6. Our tree has many such water conduits. The closer you get to the bark, the more of those conduits there are, and also the more radial at one point. That is why the bark of a tree is usually more of a depository for liquid mixtures. You will find in the bark the sponginess of the heart, the stringiness of the wood, and a great variety of other components mixed in, which ascend separately on the inside of the tree in the different tubes and then reach their particular purpose in the formation of either one or the other part of the tree. Here we have a much clearer secondary center of gravity before us, through which the former condition of the vital fluids of a body pass over into another and achieve things entirely new; and this may easily be seen when you examine a tree that has been cut directly across.

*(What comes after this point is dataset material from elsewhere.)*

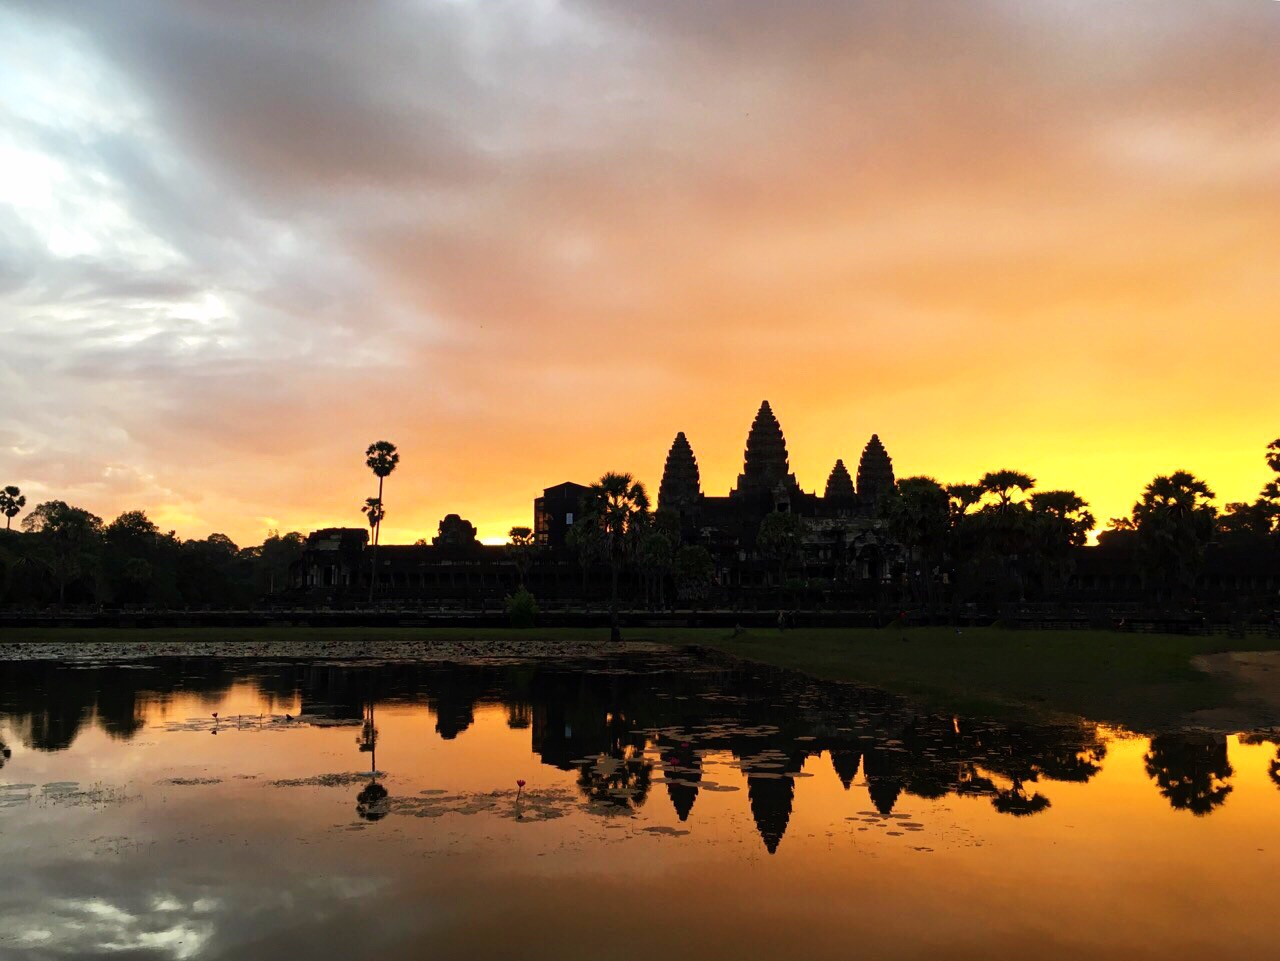 Siem Reap, Cambodia – Angkor Wat and more

7. The different rings are also known as annular rings; the softer, white alburnum which is in between those rings, and the rays emanating from the center to the bark, attest to the effect of the secondary centers of gravity. These are indeed after-effects of a main stimulus; their approximate location in the tree is where the nuclei of all roots and branches join the main nucleus of the trunk. That is also where the seat of the main center of gravity, or heart of the tree, is located. An injury to the heart would irrecoverably cause death to the tree.
8. In such a manner as this the different effects are caused; the same applies to the Earth, only on a much greater scale. As in a tree from whose heart countless canals ascend, and as from the nucleus of a tree a multitude of even smaller cross-tubes run off and continually break through countless ascending canals, so it is in the body of the Earth. The closer the organs are to the heart, the larger they are. The farther they are from the heart, the smaller they become, and they are also considerably more branched out. By this description you will understand how the three parts of the Earth are connected with one another, and how the main center of gravity of the Earth works through the countless canals and their numerous intersections right to the surface, and how multiform the secondary centers of gravity are structured and equipped.
9. Now, from whence does the heart of the Earth receive the various fluids (that is, those which it initially moves through the progressively larger canals)? Not until they reach the intersections of the canals are they mixed into a second kind of mixed liquid. The closer they travel to the surface, the more mixed they become. The following may be said in answer to this: a tree does not absorb anything other than the raindrops and the dew through its rootlets, but I have assigned chemists to its heart and stomach who understand how to filter and process the absorbed liquids thoroughly. Even if fluids arrive in the heart of the Earth as very simple substances, there the local chief chemists will carefully process them in the proper proportions. From there they are directed and carried through the appropriate canals, so that not one drop too much or too little of one or the other substance reaches its destination.
10. How this is accomplished cannot be explained in physical terms, but it can be explained spiritually, and we shall come back to this later. That is why no one should ask of what matter these prime substances are made in respect to Nature and then presume them to be carbon or oxygen, because in prime substances (It is to be understood that the term “Prime Substance” is a philosophical one; accordingly “the soul” is primarily an existing substance. - ED.) there is very little material matter. The soul of an animal as well as that of a human being is substantial, and beyond that there is very little carbon and oxygen in the body.